Although studies show childhood obesity rates leveling off, for certain ethnic groups they have climbed, according to a study published in the journal Pediatrics and reported by HealthDay News.

The bad news for black, Hispanic and American Indian girls is that they are two to three times more likely to have a higher body mass index (BMI) than white girls. (In fact, obesity rates for white girls decreased from a high in 2005.)

For the study, researchers from the University of California at San Francisco reviewed data on more than 8 million fifth, seventh and ninth graders who underwent school-based BMI screenings between 2001 and 2008 in that state.

Of the children studied, 46 percent were Latino, 33 percent white, almost 13 percent Asian, 8 percent black and less than 1 percent American Indian.

The data were separated into several BMI categories: overweight, obese and severely obese.

Scientists found that 38 percent of the kids were overweight, almost 20 percent were obese and 3.6 percent tipped the scales as being severely obese.

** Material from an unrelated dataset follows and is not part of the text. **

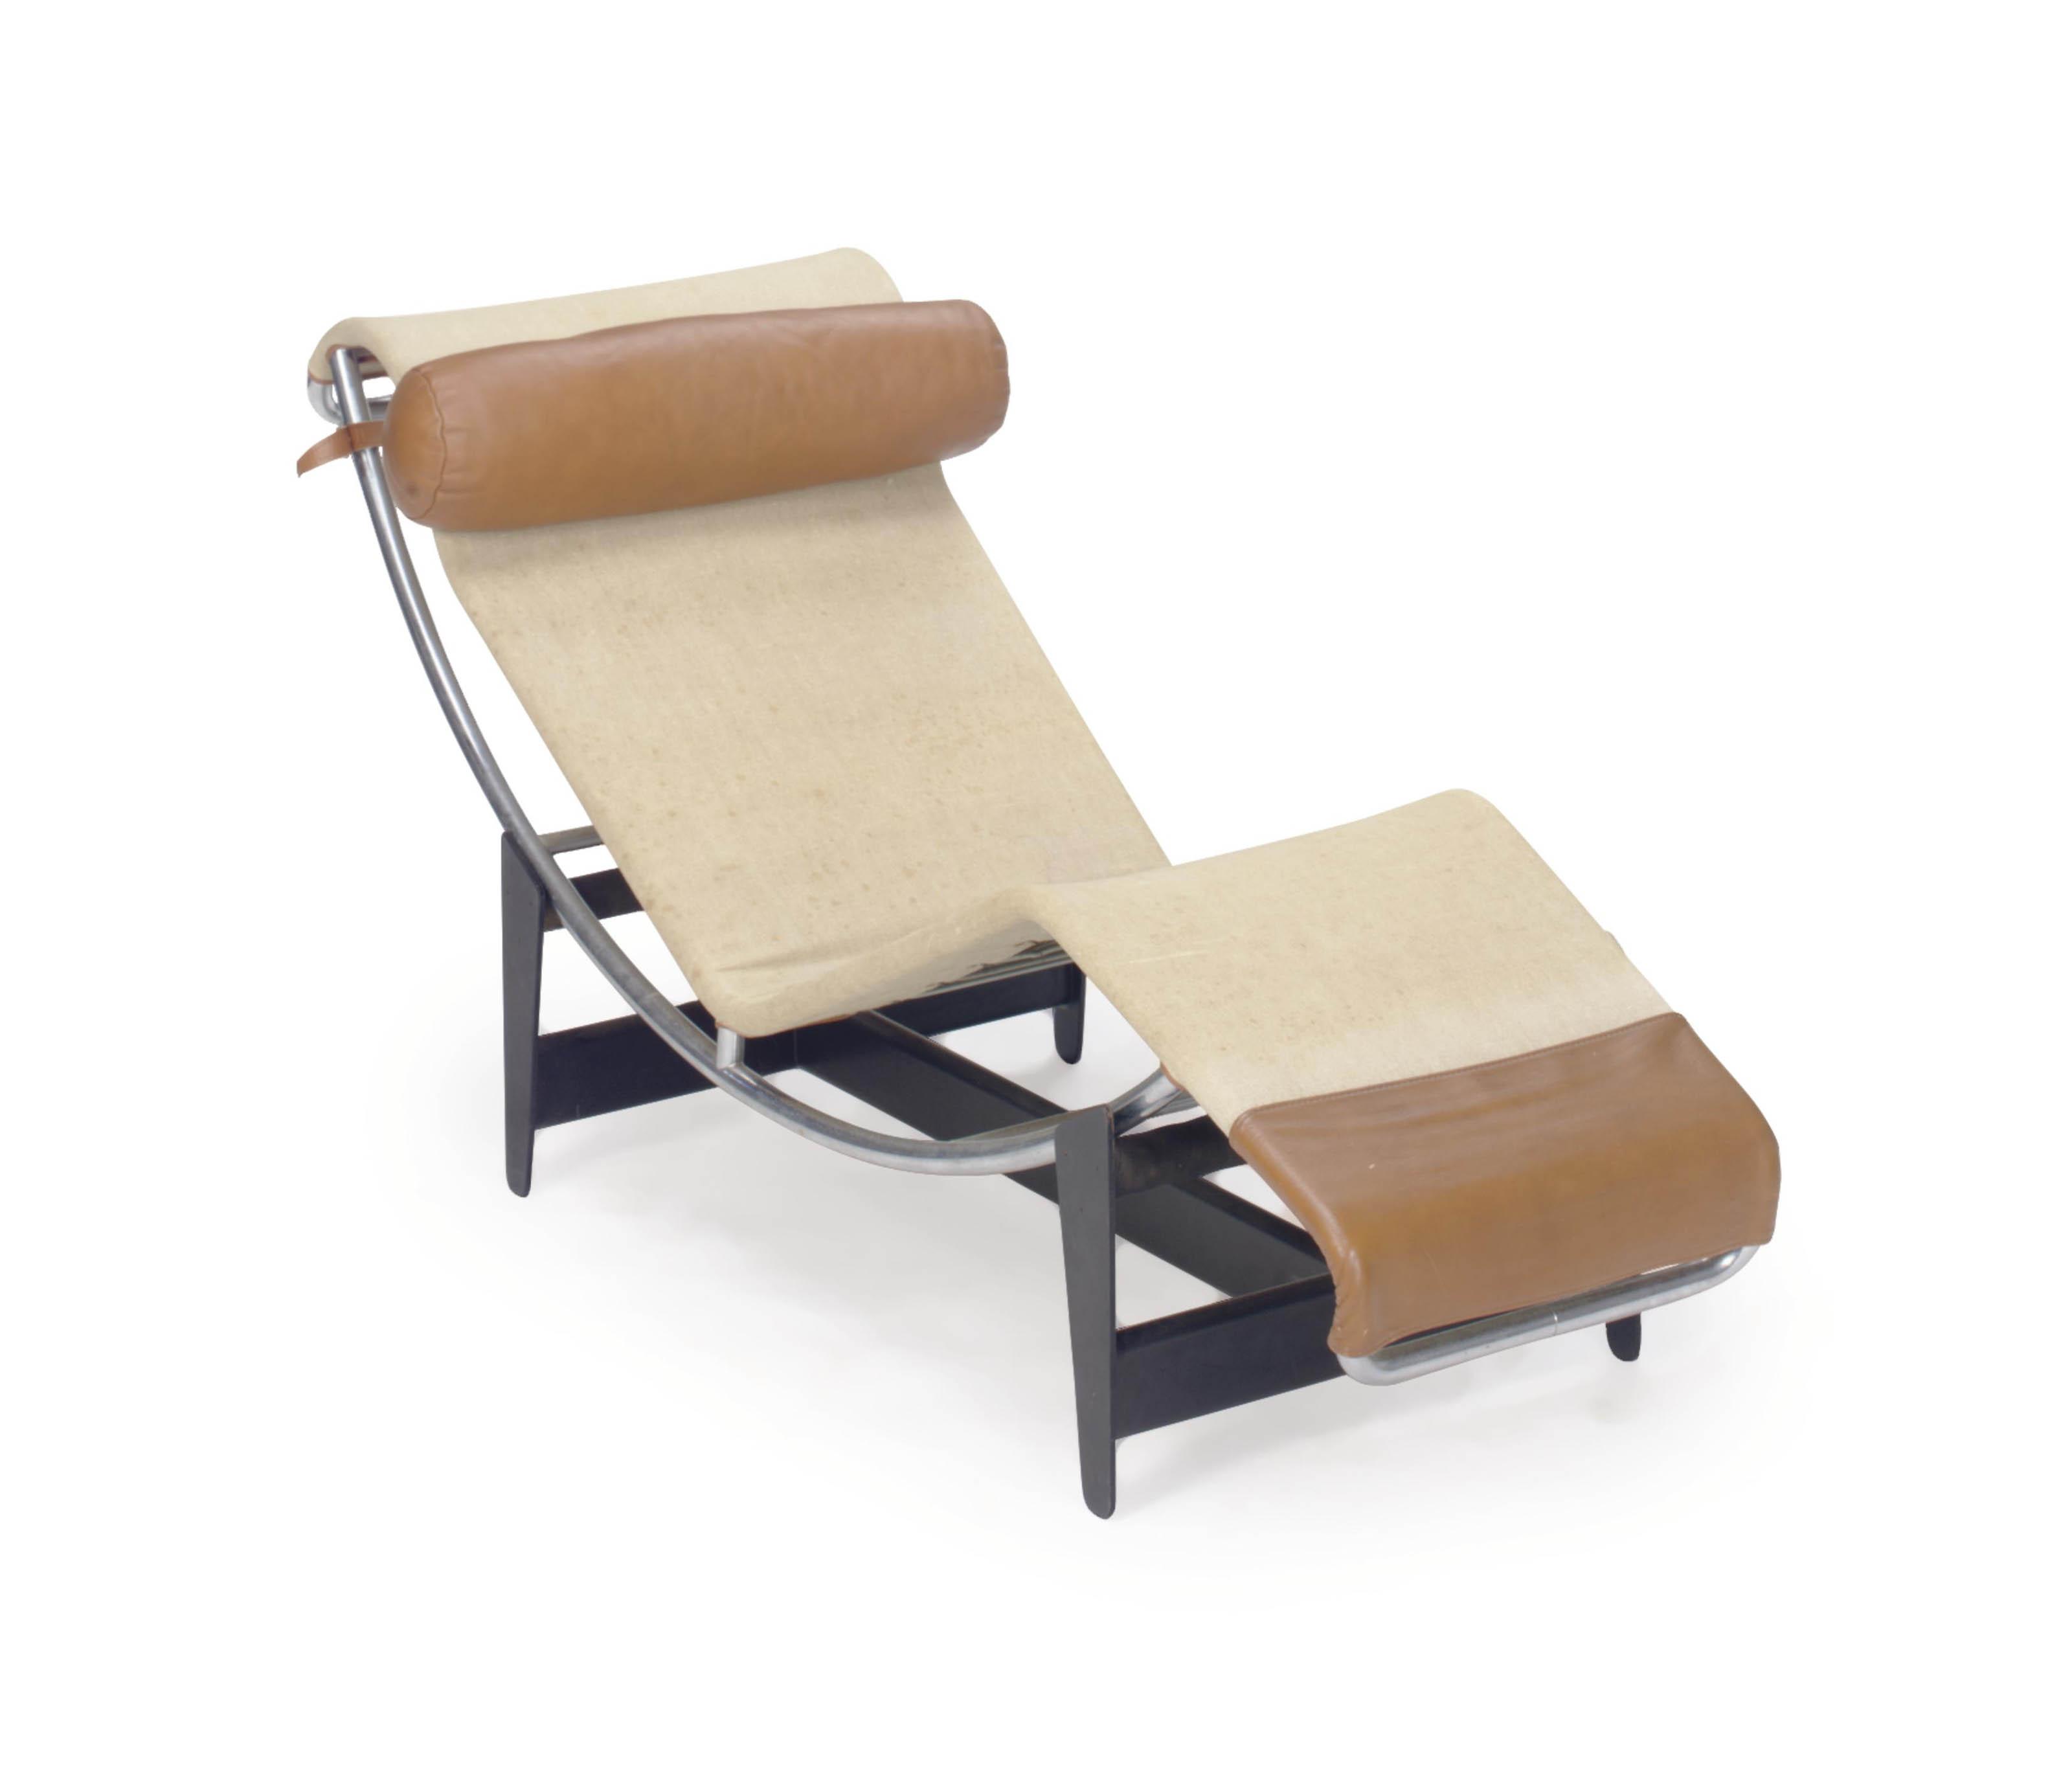 Longue chaise simple chaise bois exterieur chaise longue for Chaise simple

In general, researchers found that while rates of obesity for white girls peaked in 2005 then declined, the prevalence of obesity continued to increase for black and American Indian girls. Rates for Hispanic girls peaked in 2005 then leveled off, and Asian girls showed no obesity increase.

In addition, scientists found a huge racial disparity in the highest BMI group, with 4.6 percent of black girls and 4.9 percent of American Indian girls falling into this category compared with only 1.3 percent of white girls.

Overall, for their age, boys had a higher BMI index than girls. But obesity rates for white, Hispanic and Asian boys dropped within the study period, and only severely obese black boys showed an increased prevalence of obesity.

“What was encouraging was that we saw some decline in obesity, [but] we saw an increase in the racial disparities,” said Kristine Madsen, MD, lead author of the study and an assistant professor of pediatrics at the University of California at San Francisco.

What this means is that racial health disparities are key in meeting the specific challenges facing different races and cultures, said Carolyn Landis, PhD, a psychologist and associate professor of pediatrics at Rainbow Babies and Children’s Hospital in Cleveland.

It’s important to spread the message of better health and to tailor these campaigns for diverse communities, Landis added. For example, in areas where it’s unsafe for children to play outside, campaigns should include ideas for indoor activities (like dancing inside the house).